Why the ferocity? I can’t be a card-carrying naturalist and not recognize that foxes are among the – gotta say it – foxiest creatures. They’re cannily adept when it comes to nabbing plover eggs and chicks. They’re no slouches when it comes to taking down full-grown plovers, along with other assorted raræ aves, i.e. rare birds. When it comes to trapping foxes, they easily outsmart all but the deadliest man-methods. Did I mention toxic gases?

But are foxes the worst culprits on the dead-bird front? I’ll now thematically piss off feline-fascinated folks by daring to confidently suggest that the number of rare birds killed annually by cats, both ferals and free-roaming domestics, is a thousand times greater than the number of birds killed by foxes. But pity the fool who tries to rein in cats … or their owners. De-foxing is far easier than de-catting.

SIDEBAR: I’m perpetually told that carousing cats are simply playing out their one-time untamed-beast heritage. By hauling home massacred wildlife – to “Oh, how cute” praises of owners – they’re somehow mirroring onetime jungle lives. Never mind they’re then being fed multi-dollar cans of epicurean cat food. Screw that “only acting natural” cat crap. Place Fifi back into the wilds of, say, an all-natural rainforest and there are butterflies that can rip her apart. Just sayin’.

That said, that’s me bending over, all “Hey, little guy,” should a random cat saunter over and nestle up to my leg … hopefully not as a prelude to a rabid chomp-down. Cats are man’s best non-friend.

Then, there I go, going all “Awwwww” upon seeing a gorgeous piping plover bopping around on the sand, sporting a tag on its itsy-bitsy widdle weg. Such a beatific bird. A must to be saved from extinction. Let me at those lousy foxes!

And there I am again, this time absolutely tickled pink when red foxes sidle up to me at night while I’m surf fishing.

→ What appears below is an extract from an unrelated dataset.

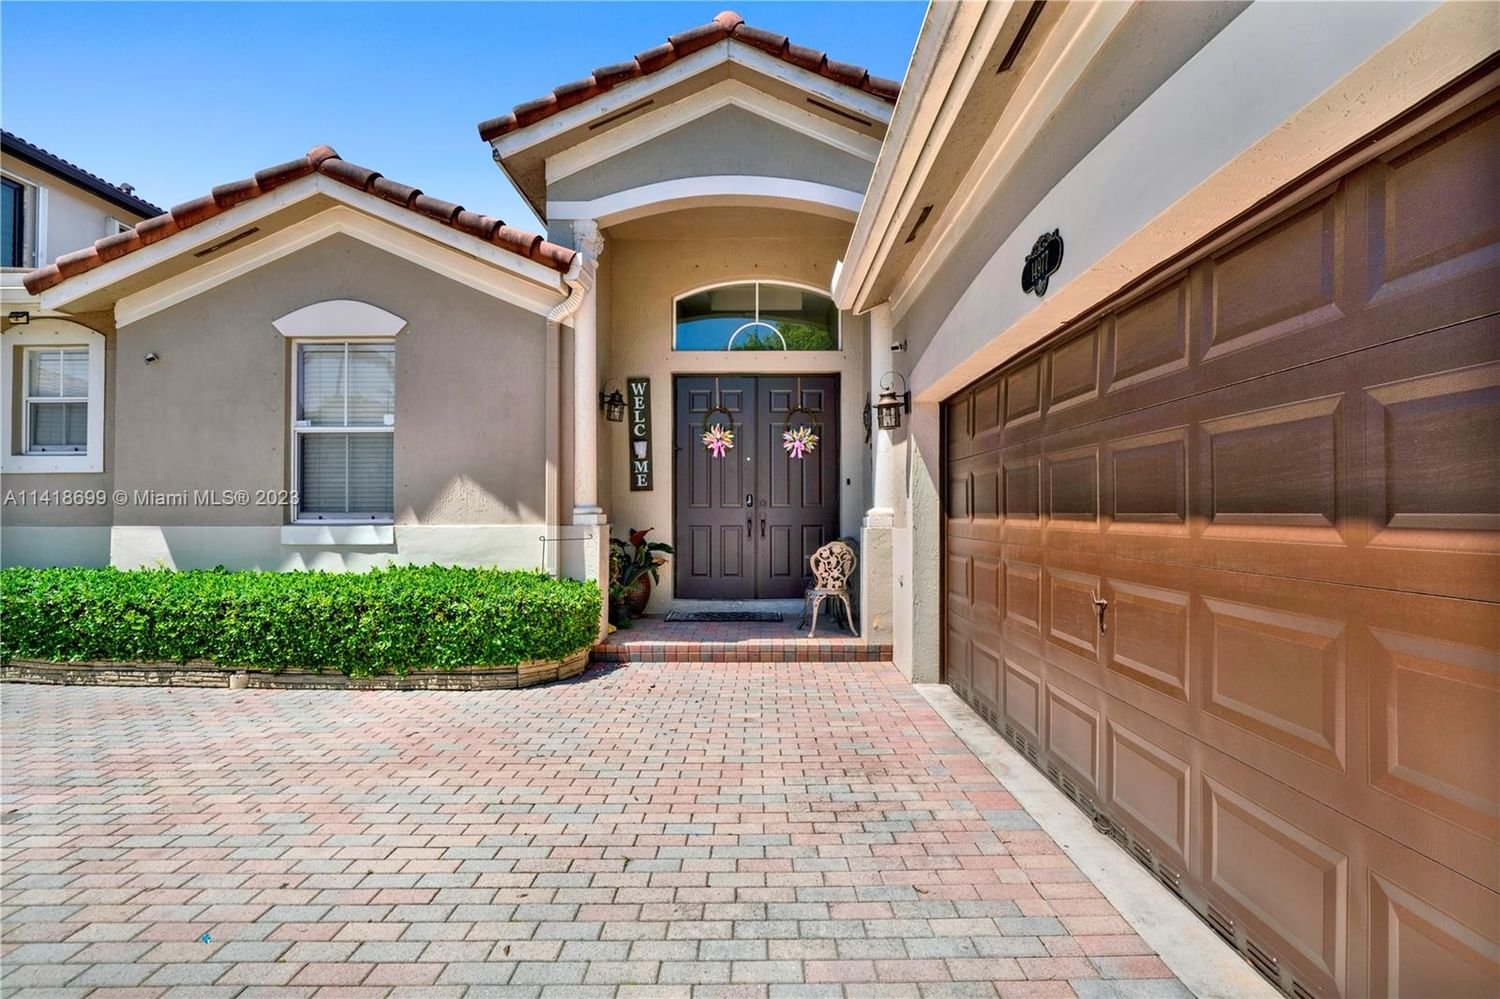 Real estate property located at 14977 12th Ln, Miami-Dade County, Miami, FL
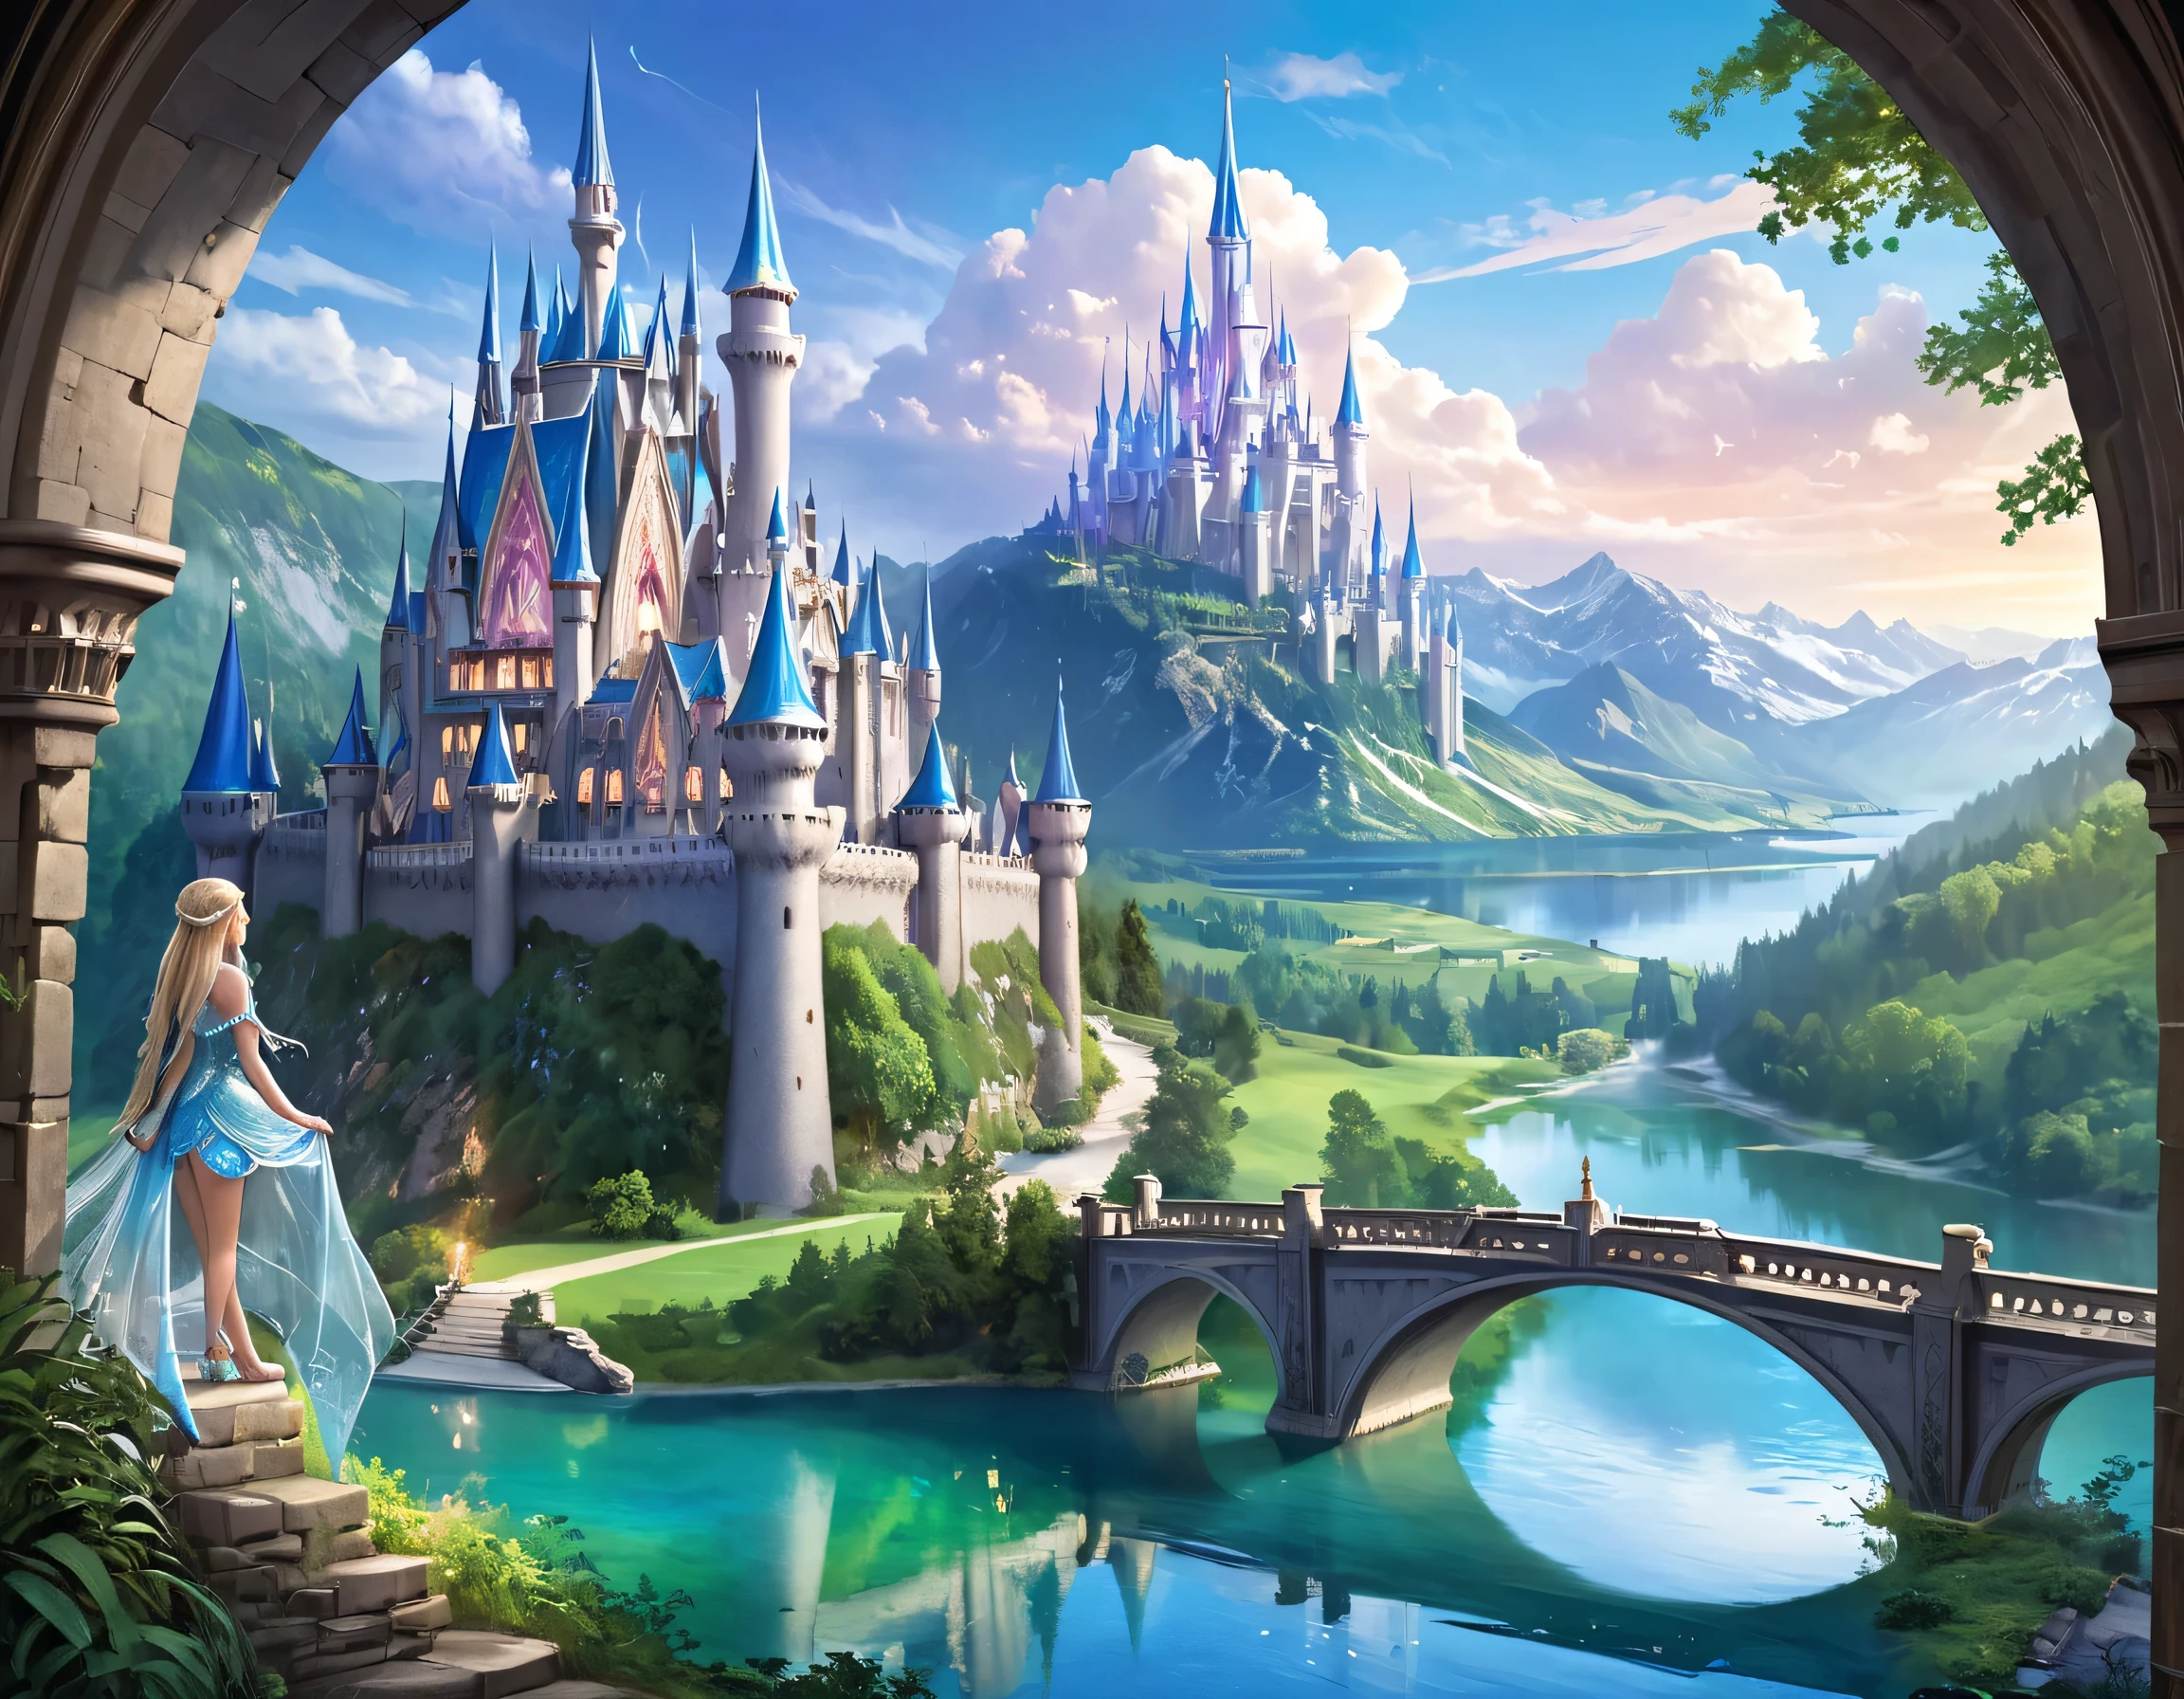 幻想藝術, 角色扮演藝術, 一位公主透過窗戶看著一座神奇的城堡, 一位美麗的精靈公主透過窗戶看到一座神奇的城堡, 一座令人印象深刻、細節最豐富的城堡, 有塔, 橋樑, 護城河, 站在彩釉山頂_Xl, 布蘭登沃爾菲爾風格頁面

It was a natural honor to have foxes politely hit me up for a handout … and even a bit of companionship. I remember one male fox that would regularly stop by at night, dine a bit, then come nearly close enough to touch – before curling up and take a little snoring siesta.

Along those companionship lines, I read in National Geographic that it might very well have been foxes, not wolves or coyotes, that first brought canines into the humanly beloved realm – and onward to becoming man’s best friends. That makes it doubly troubling to think about foxes being hideously taken down in the name of stinkin’ birdlife.

It’s when pondering complexly conflicted issues that I somehow manage to make things even more complex, i.e. we wipe out the habitat of plovers through build-out and then resort to brutally killing foxes, a creature that lived here long before we did, as if foxacide acts as some sort of repentance – and ecological repair work.

In the end, I think I should simply get better at starting a chainsaw.